Powell acknowledged that the factors that raise inflation in the United States “will continue for a long time next year.” Comments in the briefing to the Senate Banking Committee on Tuesday reflect the Fed’s growing concern about the sharp rise in inflation this year, which he has repeatedly said is temporary.
While stressing that the US economy “continued to thrive,” he pointed out that the re-emergence of the “Corona” epidemic has hampered the recovery since the discovery of the delta mutant in the fall.
Jerome Powell added that “the recent rise in COVID-19 infections and the emergence of the Omicron mutant poses downside risks to employment and economic activity and raises doubts about inflation.”
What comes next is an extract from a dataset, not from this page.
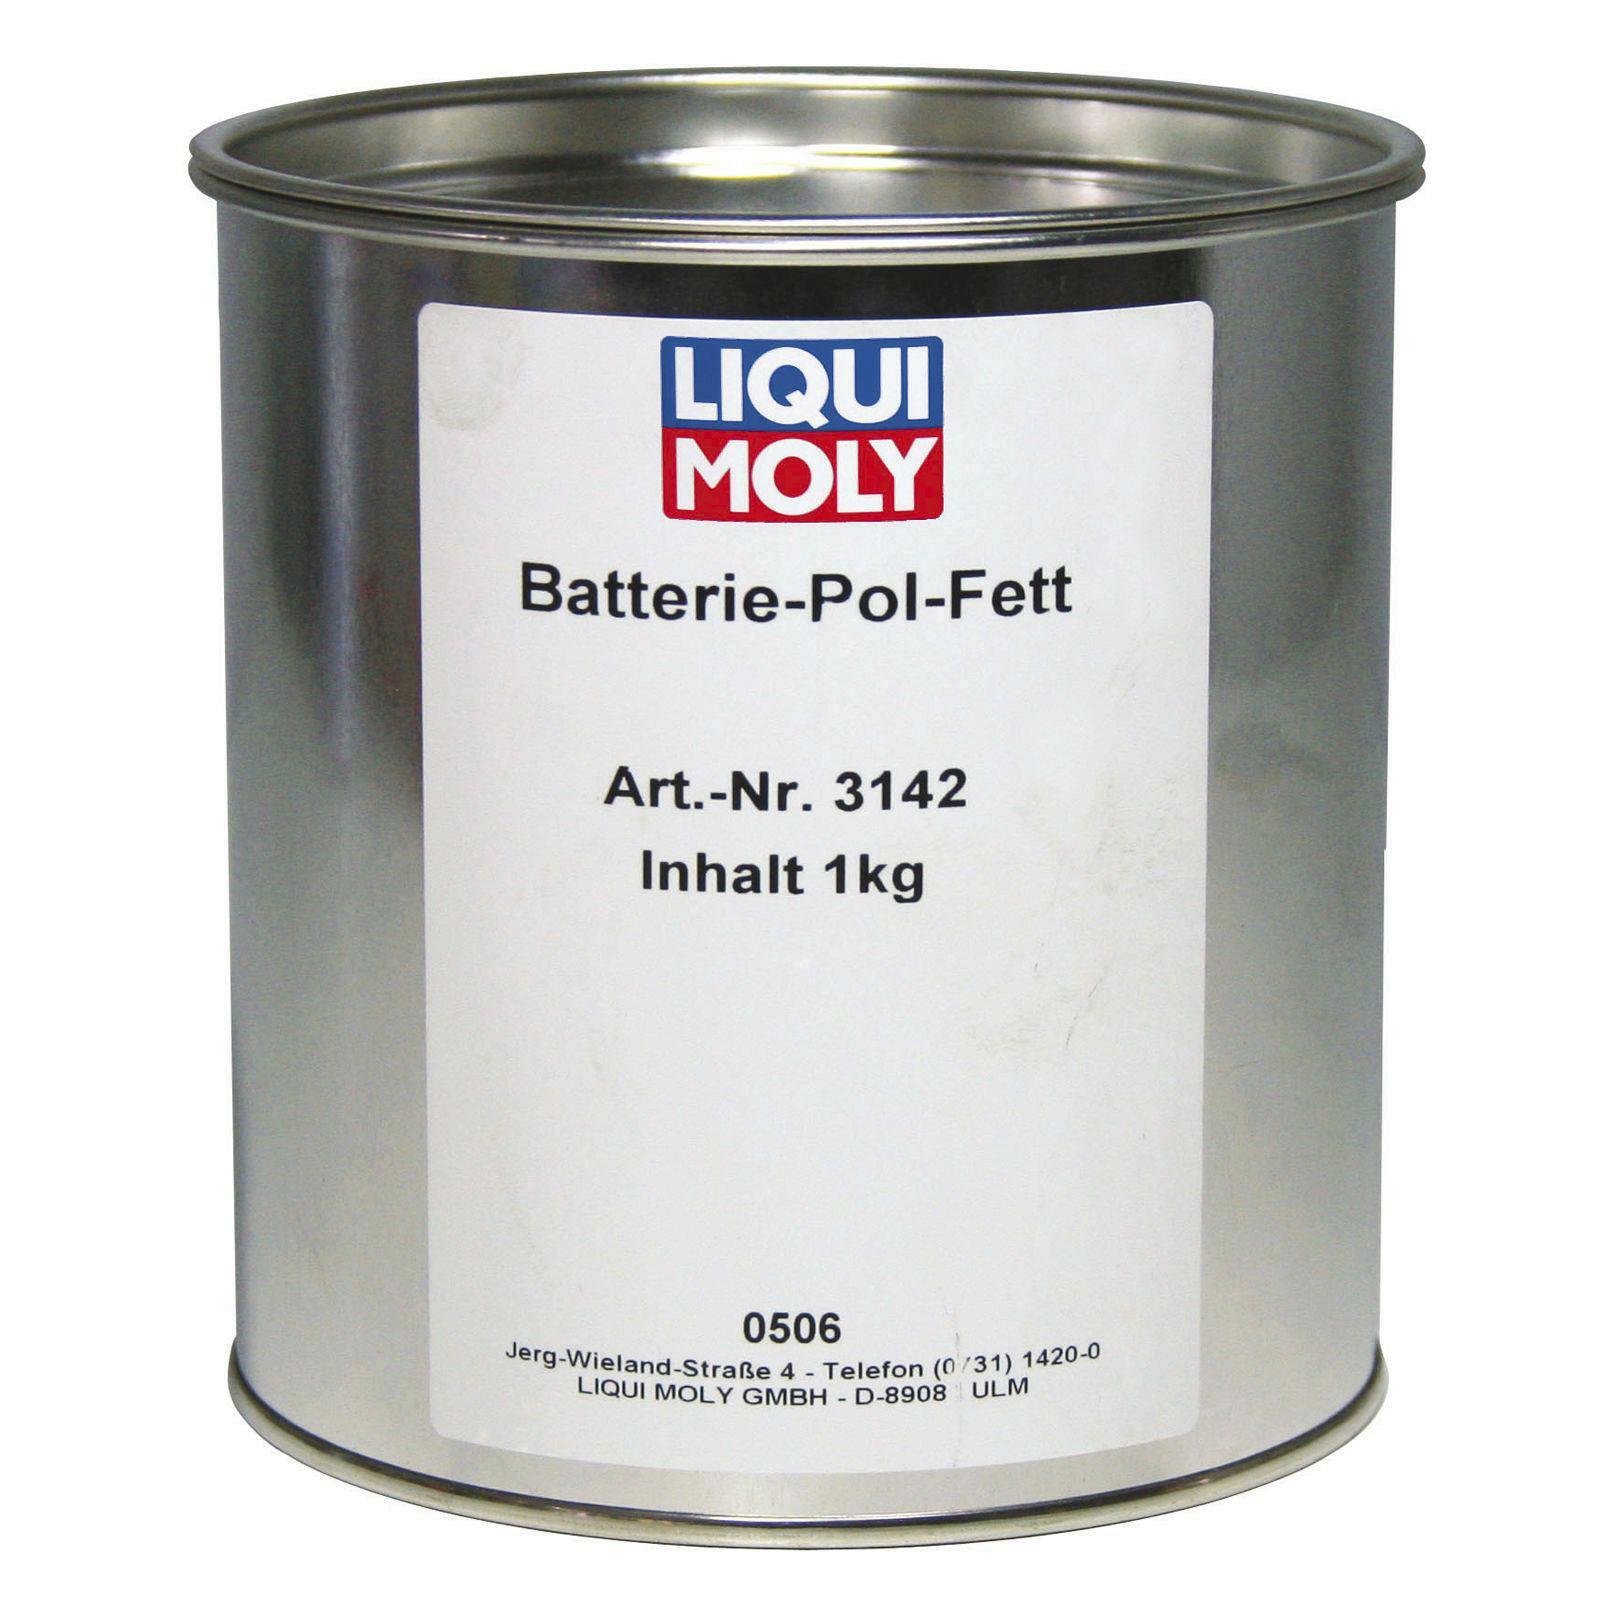 Liqui Moly Batterie-Pol-Fet 1kg

He added, “The biggest concerns about the virus are related to the possibility that it will reduce people’s desire to work in attendance, which may slow progress in the labor market and increase supply chain disruptions.”
Powell noted that inflation is “significantly above” the Fed’s 2 percent target, which the Fed uses to reach 5 percent over the 12 months through October.
He pointed out that “supply chain problems have made it difficult for producers to meet strong demand, especially for commodities. And increases in energy prices and rents are pushing up inflation.”
While the Federal Reserve still expects “inflation to decline significantly over the next year as supply and demand imbalances recede,” Powell acknowledged that the market’s direction is “difficult to predict.”
Powell pledged to use all of the central bank’s tools to support the recovery and “prevent high inflation from becoming entrenched.”